-- Opening Marker --

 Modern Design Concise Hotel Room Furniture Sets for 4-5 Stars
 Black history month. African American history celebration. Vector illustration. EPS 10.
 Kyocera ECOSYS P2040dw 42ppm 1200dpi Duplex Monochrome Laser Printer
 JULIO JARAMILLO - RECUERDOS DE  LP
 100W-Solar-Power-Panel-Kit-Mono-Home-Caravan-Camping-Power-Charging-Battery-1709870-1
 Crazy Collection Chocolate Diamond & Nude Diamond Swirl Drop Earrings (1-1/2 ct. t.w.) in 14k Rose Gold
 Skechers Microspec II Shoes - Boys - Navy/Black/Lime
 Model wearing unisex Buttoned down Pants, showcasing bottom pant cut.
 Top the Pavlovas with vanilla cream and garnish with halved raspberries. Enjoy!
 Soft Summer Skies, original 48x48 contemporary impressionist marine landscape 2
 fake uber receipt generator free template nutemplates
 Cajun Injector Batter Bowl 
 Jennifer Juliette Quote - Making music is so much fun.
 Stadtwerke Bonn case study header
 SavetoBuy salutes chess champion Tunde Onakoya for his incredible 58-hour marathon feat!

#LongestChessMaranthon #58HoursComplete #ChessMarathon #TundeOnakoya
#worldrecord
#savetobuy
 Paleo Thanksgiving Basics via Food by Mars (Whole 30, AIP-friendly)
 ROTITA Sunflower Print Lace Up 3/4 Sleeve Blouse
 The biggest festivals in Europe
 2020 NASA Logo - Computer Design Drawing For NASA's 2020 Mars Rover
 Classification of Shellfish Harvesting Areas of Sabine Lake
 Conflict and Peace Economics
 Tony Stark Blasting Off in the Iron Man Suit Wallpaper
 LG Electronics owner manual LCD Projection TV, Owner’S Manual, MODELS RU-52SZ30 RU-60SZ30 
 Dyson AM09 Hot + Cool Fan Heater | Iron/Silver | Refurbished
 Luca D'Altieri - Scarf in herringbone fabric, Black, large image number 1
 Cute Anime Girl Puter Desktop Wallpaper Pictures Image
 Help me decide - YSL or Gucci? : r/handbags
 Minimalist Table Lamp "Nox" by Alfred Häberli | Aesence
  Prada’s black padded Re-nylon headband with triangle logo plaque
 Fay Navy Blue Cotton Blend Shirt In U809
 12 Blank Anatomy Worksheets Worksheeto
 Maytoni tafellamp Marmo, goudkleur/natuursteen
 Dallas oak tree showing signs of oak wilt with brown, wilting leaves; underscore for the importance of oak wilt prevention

-- Closing Marker --

*Task description:* Working from the records above, write out verbatim only the lines from the line containing "The biggest festivals in Europe" through the line containing "LG Electronics owner".

*Response area:*
 The biggest festivals in Europe
 2020 NASA Logo - Computer Design Drawing For NASA's 2020 Mars Rover
 Classification of Shellfish Harvesting Areas of Sabine Lake
 Conflict and Peace Economics
 Tony Stark Blasting Off in the Iron Man Suit Wallpaper
 LG Electronics owner manual LCD Projection TV, Owner’S Manual, MODELS RU-52SZ30 RU-60SZ30 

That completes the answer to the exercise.